Training Guide

The primary script for training the Hierarchical Reasoning Model is pretrain.py. It leverages Hydra for configuration and can be run in both single-GPU and distributed multi-GPU settings.

Running the Training Script

The script is designed to be launched with torchrun for distributed training, which is the recommended approach for larger-scale experiments on multiple GPUs.

General Command Structure (Multi-GPU):

OMP_NUM_THREADS=8 torchrun --nproc-per-node <NUM_GPUS> pretrain.py [HYDRA_OPTIONS]
  • <NUM_GPUS>: The number of GPUs to use for training (e.g., 8).
  • [HYDRA_OPTIONS]: Configuration overrides for the experiment, such as data_path, lr, etc. See the Configuration Guide for more details.

Dataset Preparation

Before starting any training run, ensure that the corresponding dataset has been built using the scripts in the dataset/ directory. For more details on this process, see the Data Pipeline Concepts page.

Example Training Commands

Below are the commands for the full-scale experiments mentioned in the README, assuming an 8-GPU setup.

ARC-1 (1,000 samples)

This command trains the model on the combined ARC-AGI and ConceptARC datasets.
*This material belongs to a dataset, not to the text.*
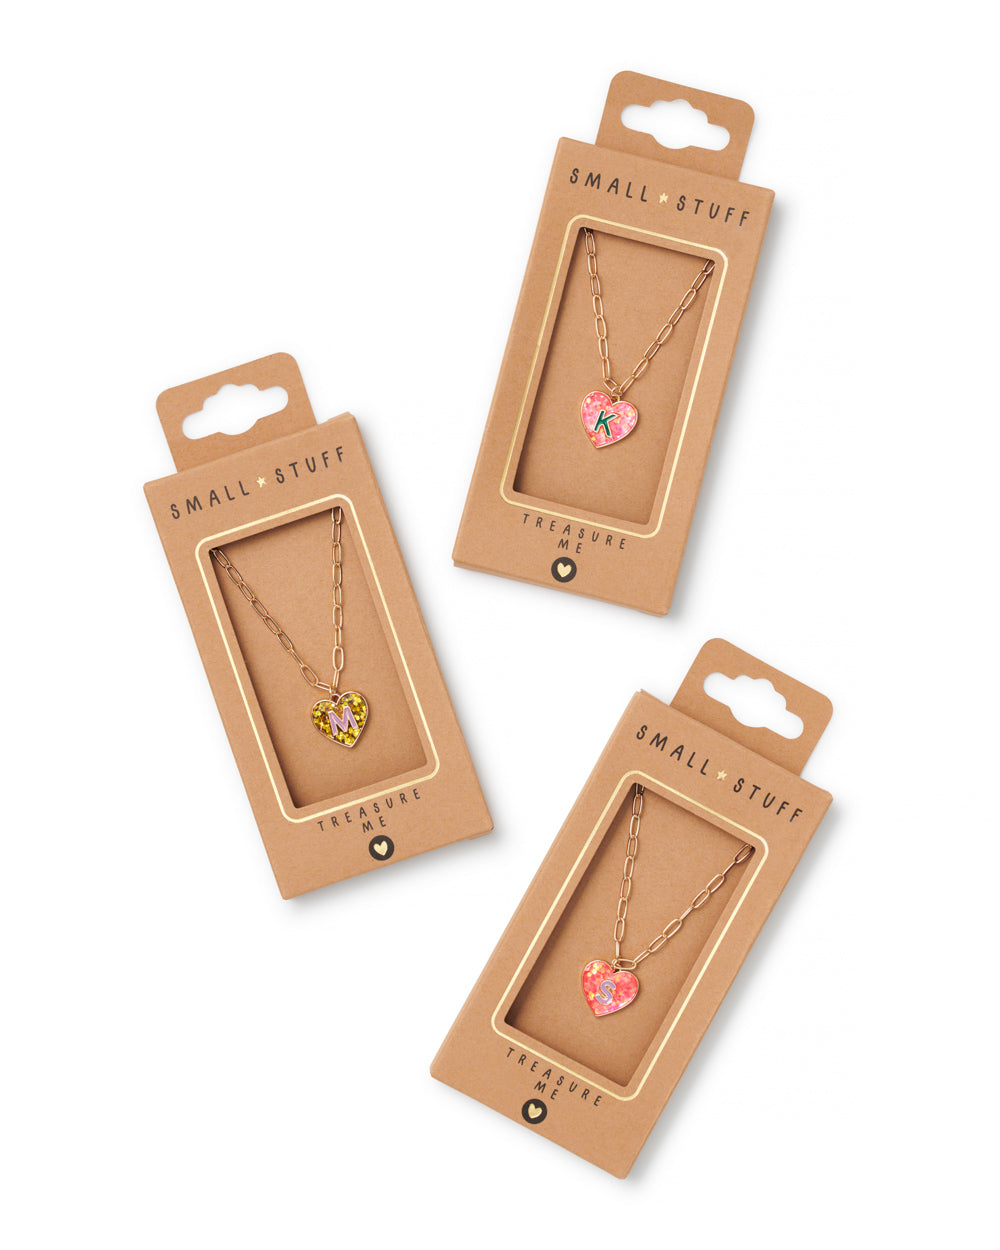 Initial personalised heart glitter girls necklace with gold loop chain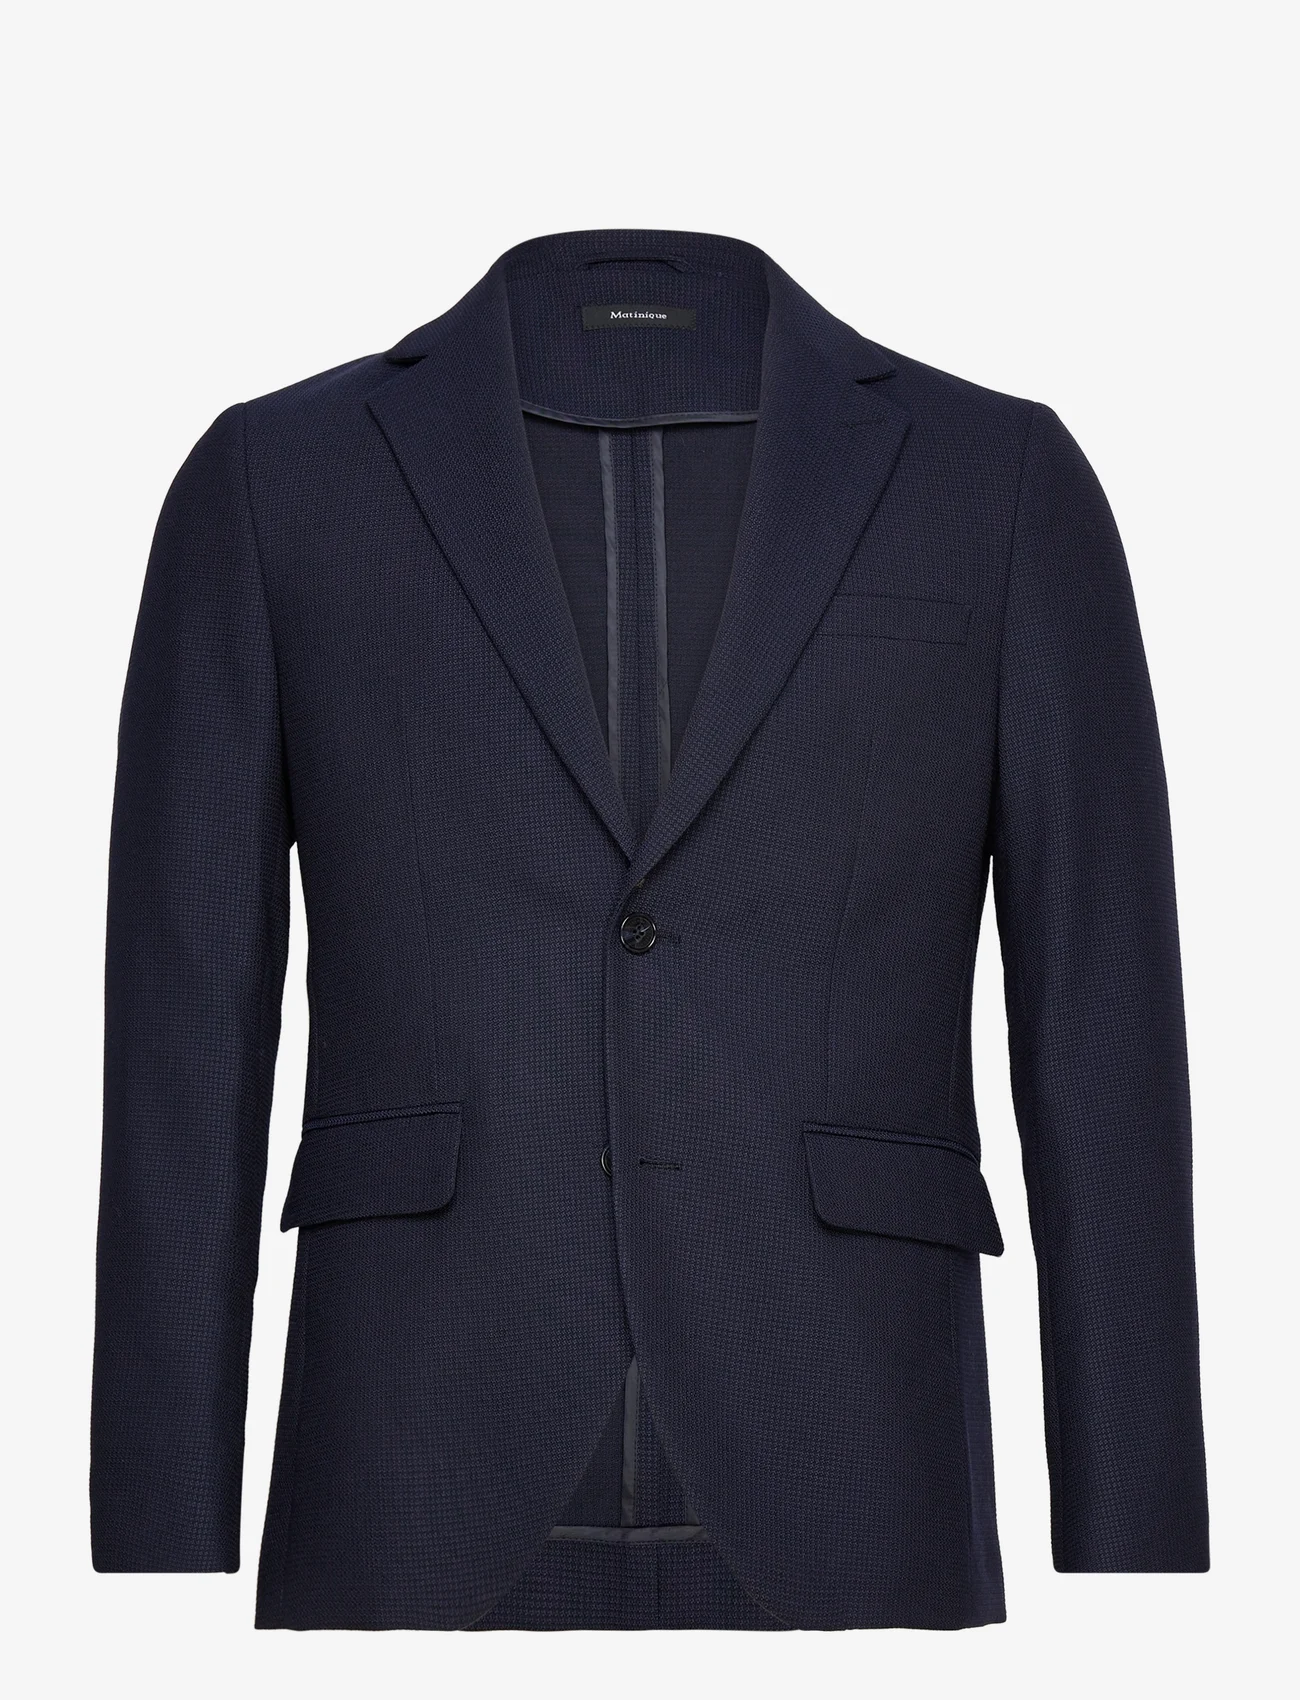 Matinique - MAgeorge - double breasted blazers - dark navy - 0

# First, build the dataset
python dataset/build_arc_dataset.py

# Launch training
OMP_NUM_THREADS=8 torchrun --nproc-per-node 8 pretrain.py
Runtime: ~24 hours

ARC-2 (1,000 samples)

This command trains on the ARC-AGI-2 dataset.

# First, build the dataset
python dataset/build_arc_dataset.py --dataset-dirs dataset/raw-data/ARC-AGI-2/data --output-dir data/arc-2-aug-1000

# Launch training
OMP_NUM_THREADS=8 torchrun --nproc-per-node 8 pretrain.py data_path=data/arc-2-aug-1000
Runtime: ~24 hours (a checkpoint after 8 hours is often sufficient)

Maze 30x30 Hard (1,000 samples)

# First, build the dataset
python dataset/build_maze_dataset.py

# Launch training
OMP_NUM_THREADS=8 torchrun --nproc-per-node 8 pretrain.py \
  data_path=data/maze-30x30-hard-1k \
  epochs=20000 \
  eval_interval=2000 \
  lr=1e-4 \
  puzzle_emb_lr=1e-4 \
  weight_decay=1.0 \
  puzzle_emb_weight_decay=1.0
Runtime: ~1 hour

Checkpoints

By default, model checkpoints are saved to the checkpoints/ directory. The path is determined by the project_name and run_name configuration values. Checkpoints are saved periodically based on the eval_interval and checkpoint_every_eval settings in the configuration.